DataStorm Overview

DataStorm is a brokerless, C++ publish–subscribe framework.

A DataStorm application consists of publishers and subscribers. Publishers write data to topics, and subscribers read data from these topics.

A topic is a named object within a DataStorm node. It can be seen as a stream of typed data. The unit of data exchanged between topics is called a sample. A sample consists of a key–value pair (or data element) along with additional metadata attached when it is written.

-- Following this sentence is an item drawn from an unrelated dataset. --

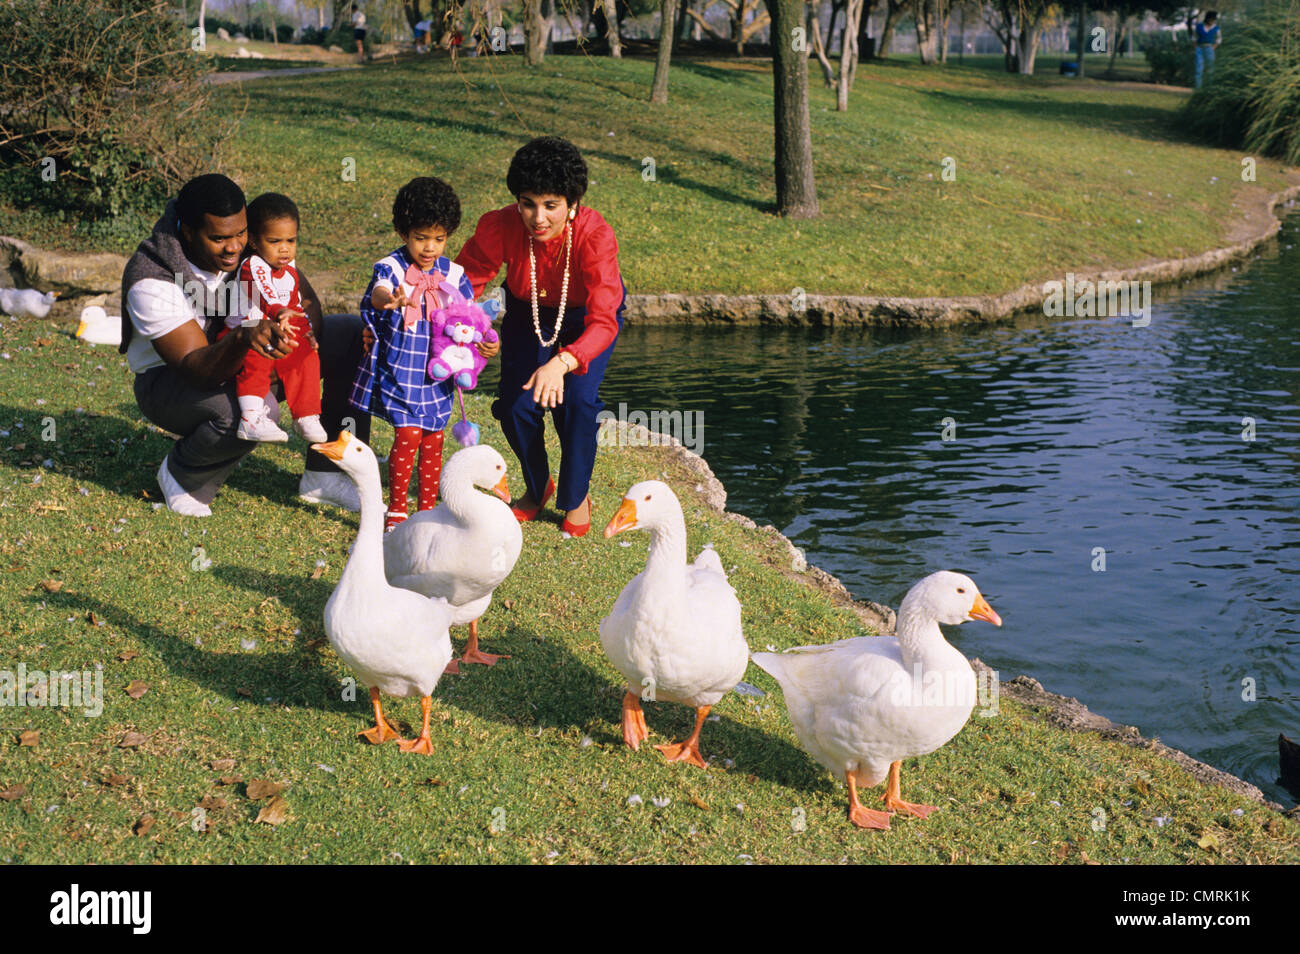 1980 1980s AFRICAN AMERICN FAMILY MOTHER FATHER SON DAUGHTER FEEDING GEESE BY LAKE Stock Photo
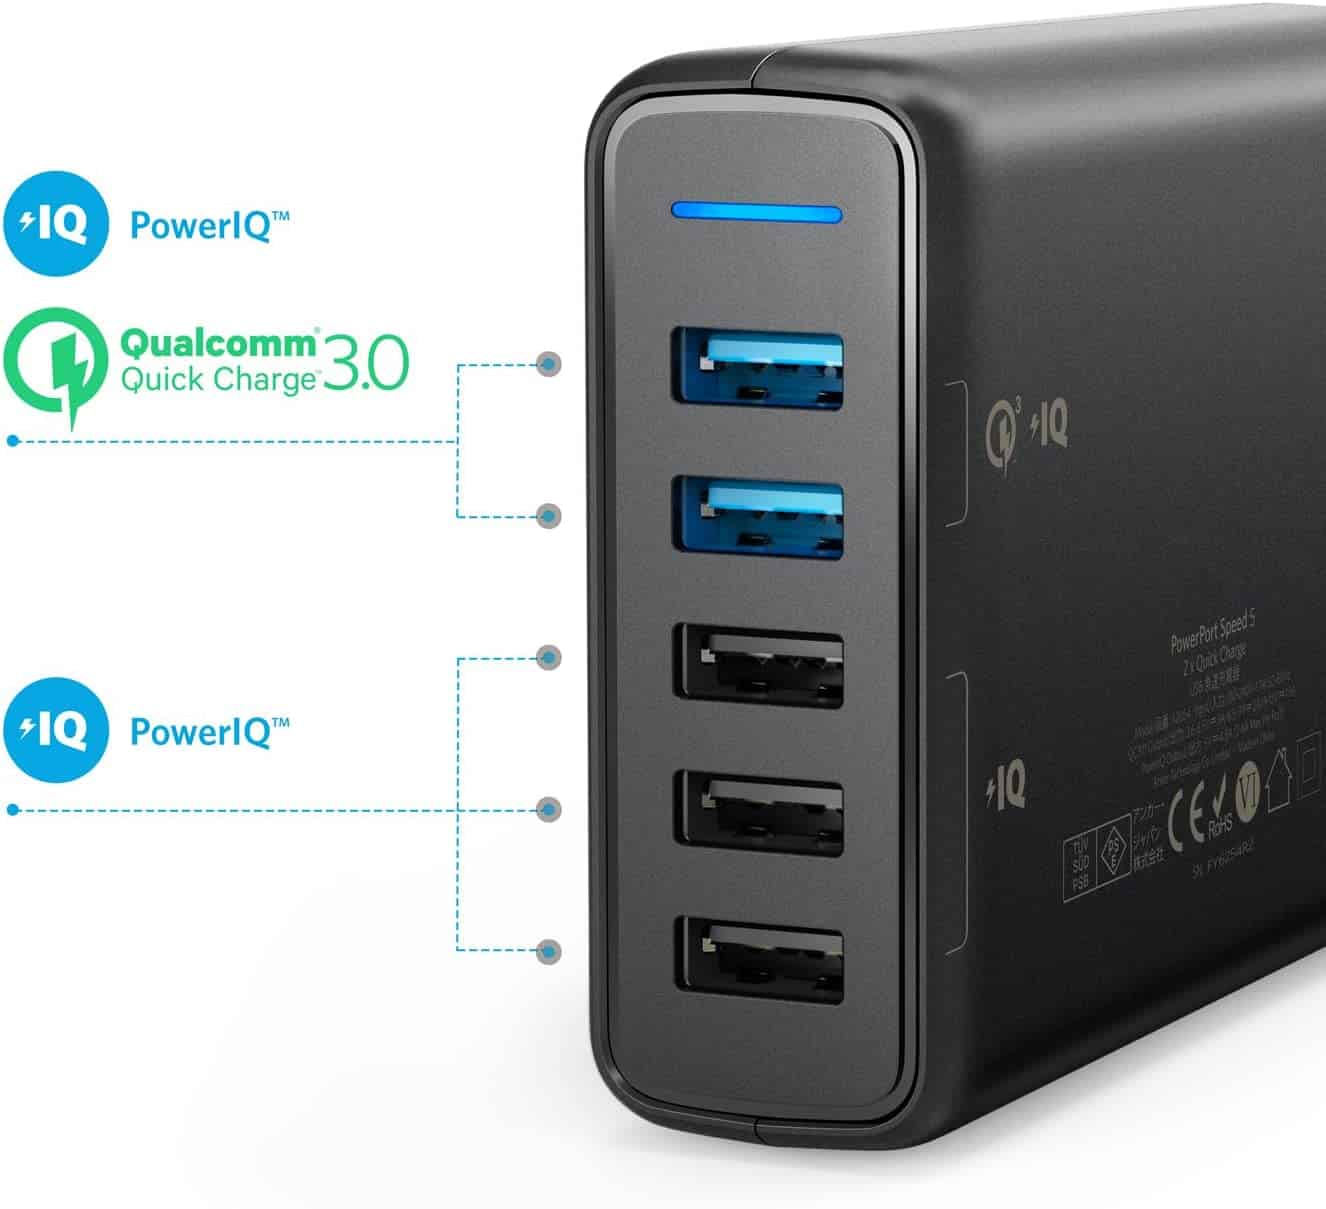 anker quick charge 3.0

A typical DataStorm application consists of multiple nodes. Within these nodes, you creates topics; each topic represents a type of data you want to distribute. For each topic, you create writers and readers to produce and consume the samples that flow between nodes.

Oops, Diagram Unavailable

This diagram can't be displayed. It may have been moved or deleted, or the page's access settings may be preventing it from loading. Pages with restricted access must also include Gliffy Diagrams in their allowed list.

DataStorm applications do not rely on a central service to communicate. Nodes can connect directly to each other and exchange samples whenever they share common topics for which one node has a writer and another has a matching reader.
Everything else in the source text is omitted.